Yes, it is. The easiest way to think of this is that in the limit you have $w_i = \alpha (1-\alpha)^i$. The denominator then is
$$\sum_{i=0}^\infty w_i = \sum_{i=0}^\infty \alpha (1-\alpha)^I$$ , and summing the geometric series gives
$$\alpha \times {1 \over 1 - (1-\alpha)} = 1$$
so the "missing" denominator is in fact 1.
But of course you don't have infinite data in practice. Let $m_0 = x_0$ - that is, your initial value for the EWMA is just the initial value of the time series.

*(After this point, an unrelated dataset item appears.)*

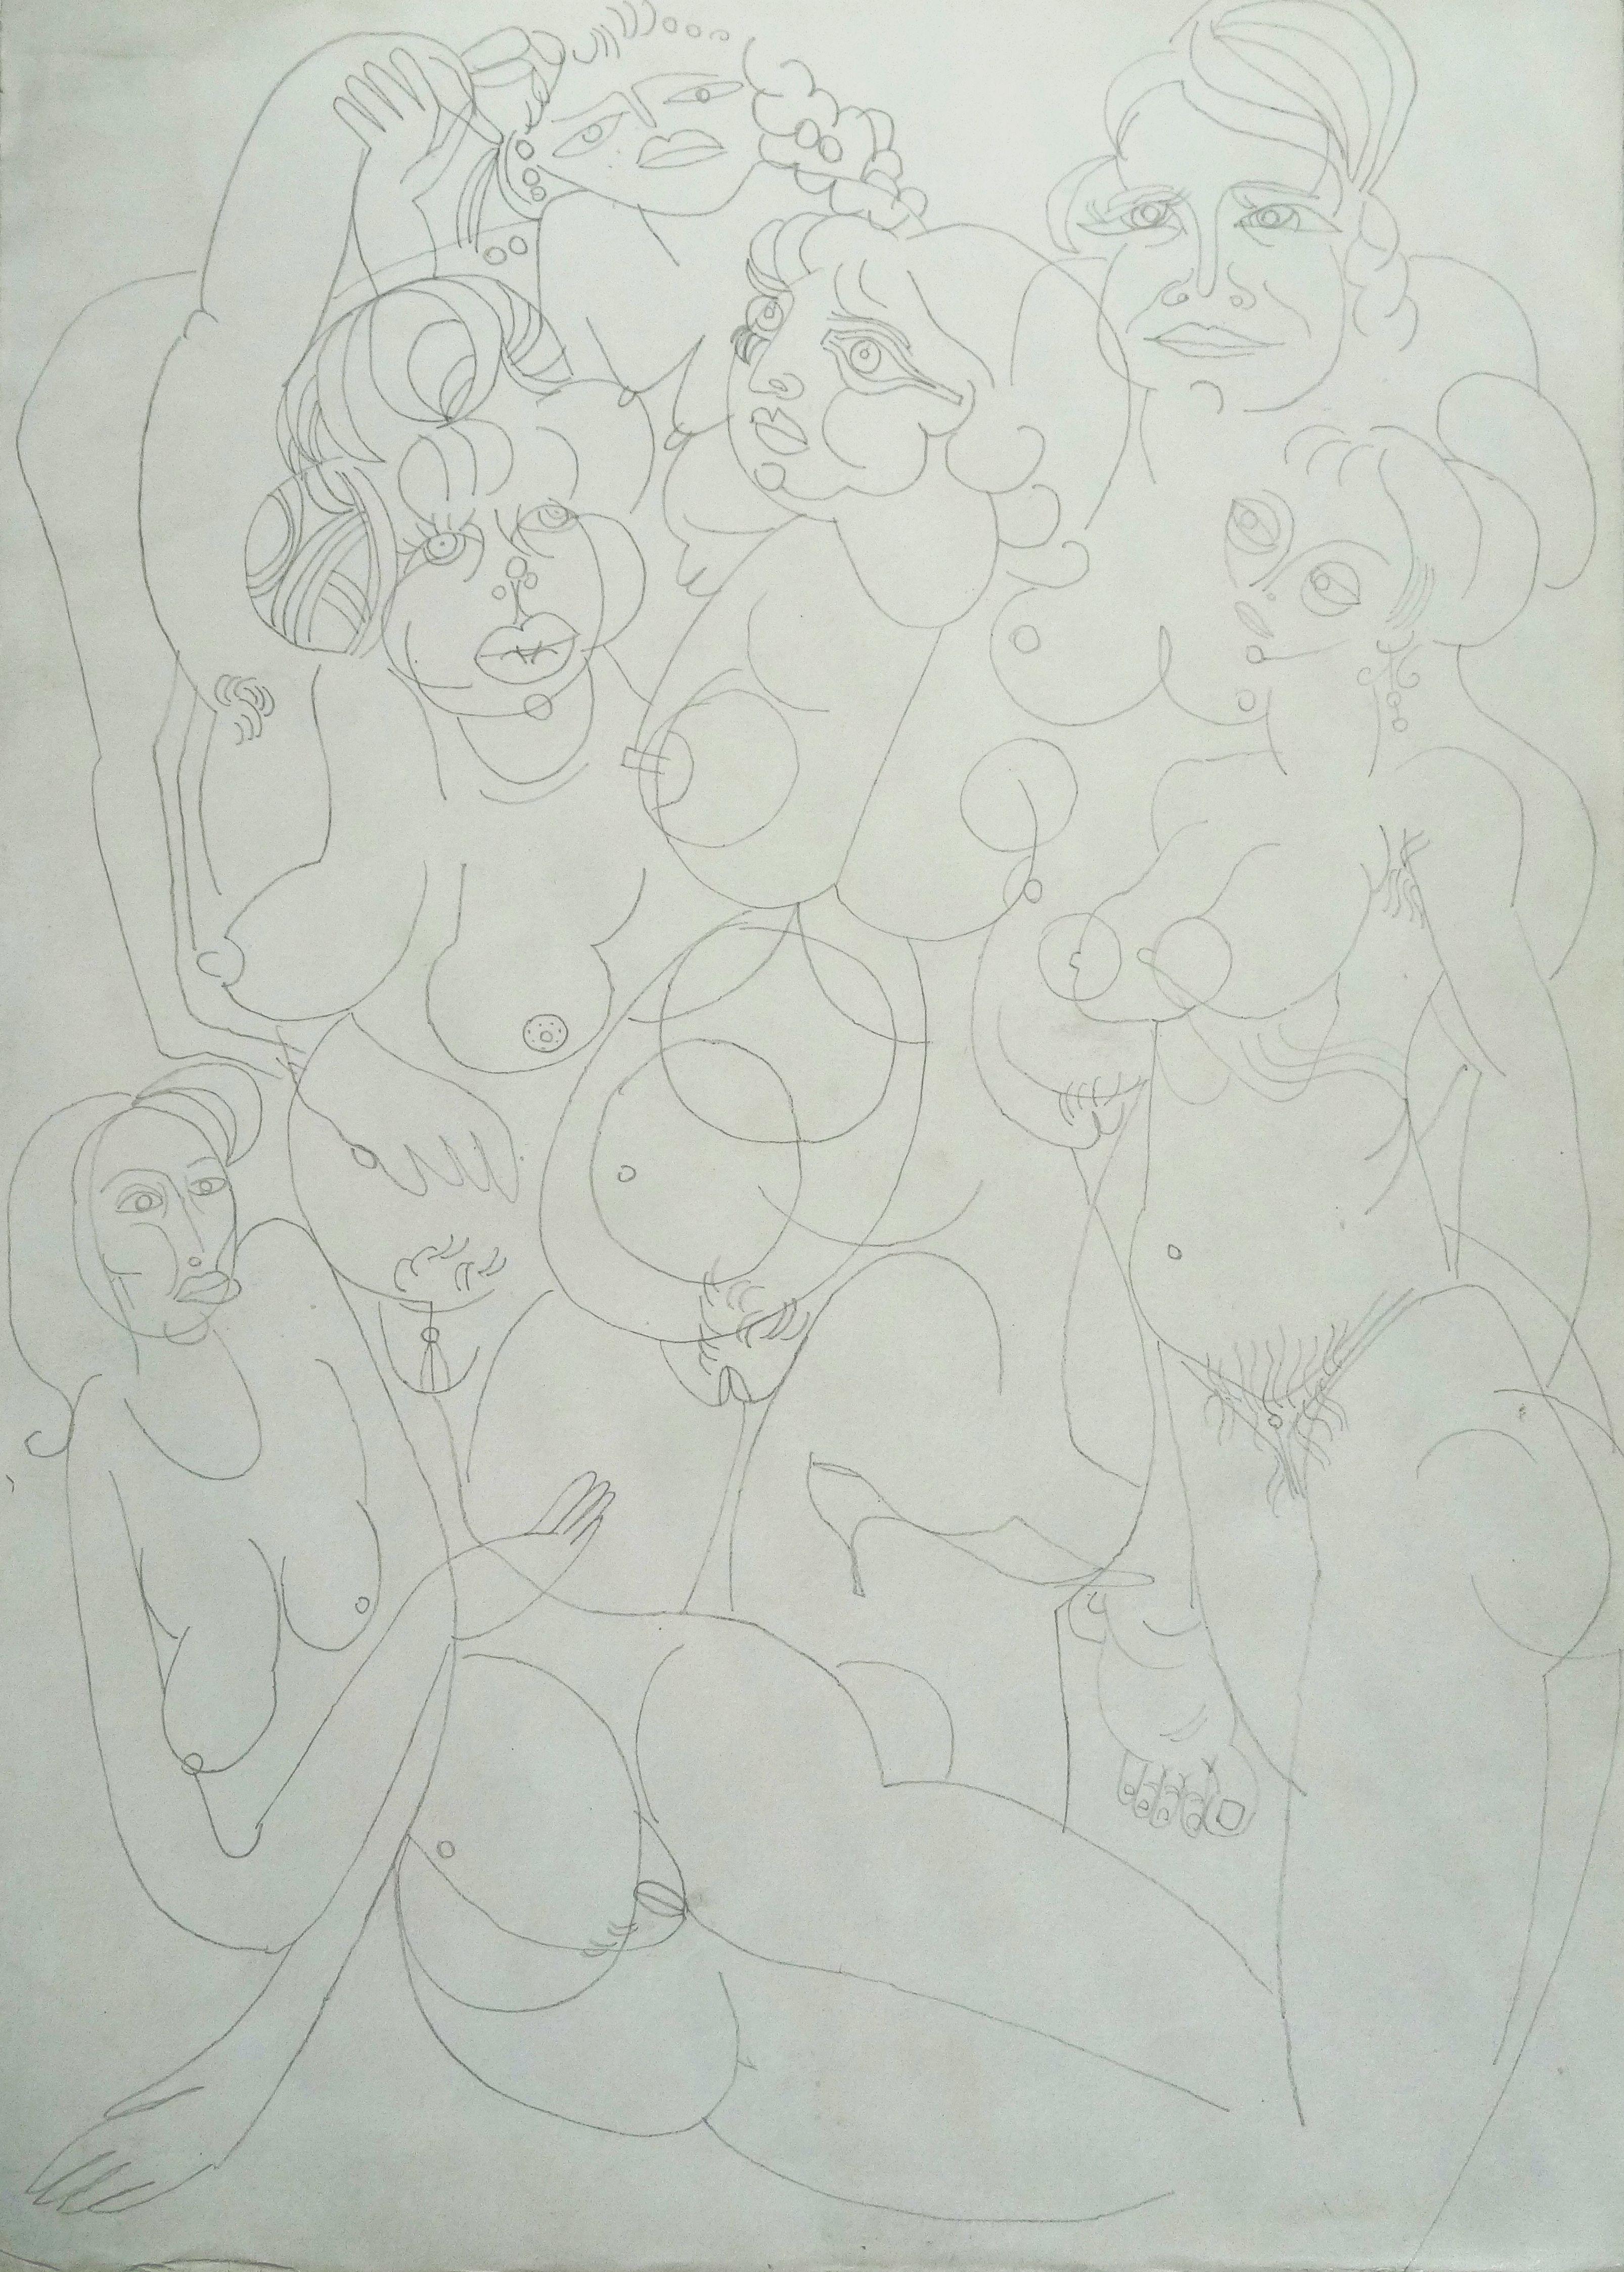 Composition with women. 1968. Paper, pencil, 35x24.5 cm

Then you have
$$m_1 = m_0 + \alpha (x_1 - m_0) = \alpha x_1 + (1-\alpha) m_0 = \alpha x_1 + (1 - \alpha) x_0$$
$$m_2 = m_1 + \alpha (x_2 - m_1) = \alpha x_2 + (1-\alpha) m_1 = \alpha x_2 + (1-\alpha) (\alpha x_1 + (1-\alpha) x_0) = \alpha x_2 + \alpha (1-\alpha) x_1 + (1-\alpha)^2 x_0$$
and so on for larger values of $t$.
If you continue to develop this you find that
$$m_t = \left( \sum_{i=0}^{t-1} \alpha (1-\alpha)^i x_{t-i} \right) + (1-\alpha)^t x_0$$
and again you can sum the geometric series to see that the weights sum to 1.